In short, conservatives insist that Obama is too liberal, liberals insist that Obama is too conservative, and no one seems to like him just the way he is. The question that few seem to be asking, though, is why does Obama choose this path? What approach is Obama taking when shaping his administration's policies, and what does he hope to gain, either for himself or his country, by taking it?

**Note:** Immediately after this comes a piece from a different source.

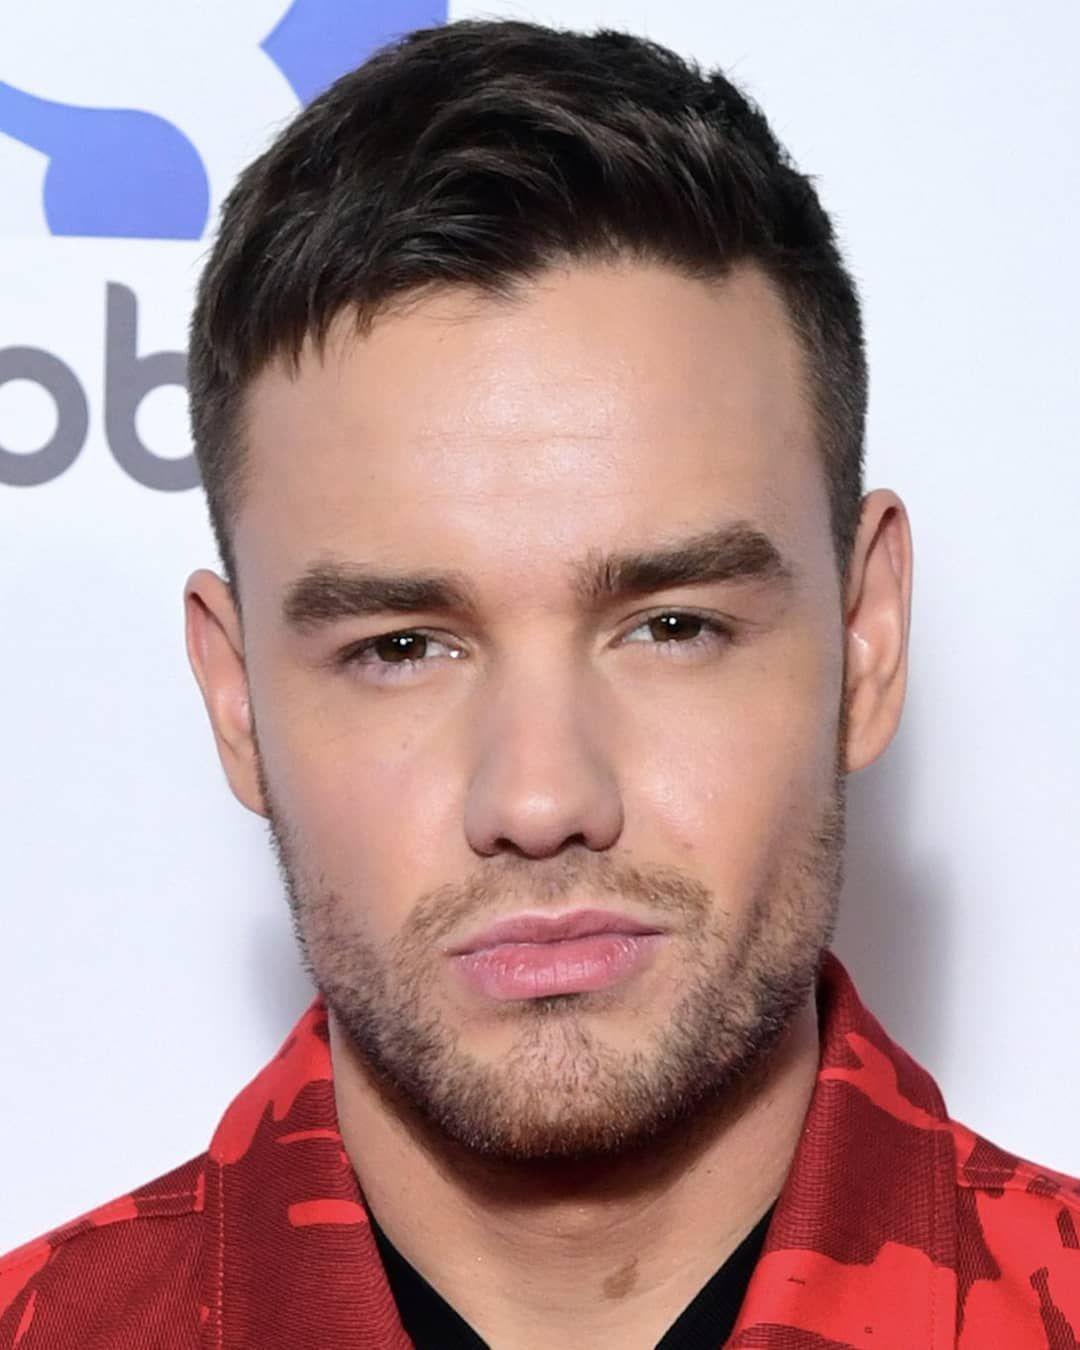 Look At This Handsome Man Liamdeservestheworld Alliwantforchristmas Lp1 Stackitup Familiar Stripthatdown Foryou Liam Payne Liam James Handsome Men

The answer to these questions is as obvious as it is simple: Barack Obama is a centrist. In a time when the ideological poles are drifting farther and farther apart, Obama is a man who insists on finding the halfway point between left and right and planting his flag as squarely as possible in the exact center between the two of them. Throughout history, such centrists have almost always been those politicians who, for whatever variety of reasons, conclude that the best way to win elections and/or effectively govern the country is to make ideological compromises in the hopes that a more moderate package will obtain wider political and public support. What makes Obama unique is that he seems to be staking out a centrist course when it seemingly works AGAINST, rather than toward, his ability to govern and the health of his political career. At a time when the most effective administrative and political decision would be to implement as much liberal change as possible by tapping into his vast reservoirs of political capital, Obama seems adamant in throwing it all away in the name of the very centrism that most politicians only use as a last resort (such as the last two Democratic presidents, Jimmy Carter and Bill Clinton). The reason for this is that, unlike most centrists (both now and throughout history), Obama is not motivated by pragmatism. Indeed, quite to the contrary, Barack Obama may very well be the first president in nearly two hundred years to be a centrist for almost purely idealistic reasons.

The Roman historian Tacitus, when writing about the emperors who united and then ruled the ancient Western world, observed that every political leader - no matter how complex - is ultimatley driven by a "master passion", a single driving impulse that for better or worse underlies everything they say and do when they are put in positions of power. To better understand Obama's master passion, one must first look at his past (reading his memoir Dreams From My Father is very helpful in this regard). Here is a man who has spent his entire life, from childhood to the present, belonging to two different races - white and black - in a society that in countless ways forces its members to define themselves by the color of their skin. Throughout his formative years, Obama struggled to find a means of reconciling within himself these two warring aspects of his identity, and in so doing create an independent sense of self of his own. This internal civil war was what ultimately drove him into law school, a career as a community organizer, the presidency of the Harvard Law Review, and finally politics. There is every reason to believe that that struggle still exists within his soul today, and from there one can easily see how it is, and always has been, the defining feature of his political character (especially since it is what led him into politics in the first place). Hence Obama's master passion appears to be one very rarely seen in the modern world - a burning desire, an agonizing need, to bring people together, to get them to see past their petty squabbles and fears and to celebrate rather than deplore their respective differences, and in so doing to create a solidarity of purpose and self-recognition between all peoples that transcends race, creed, and ideology, both in America and throughout the world.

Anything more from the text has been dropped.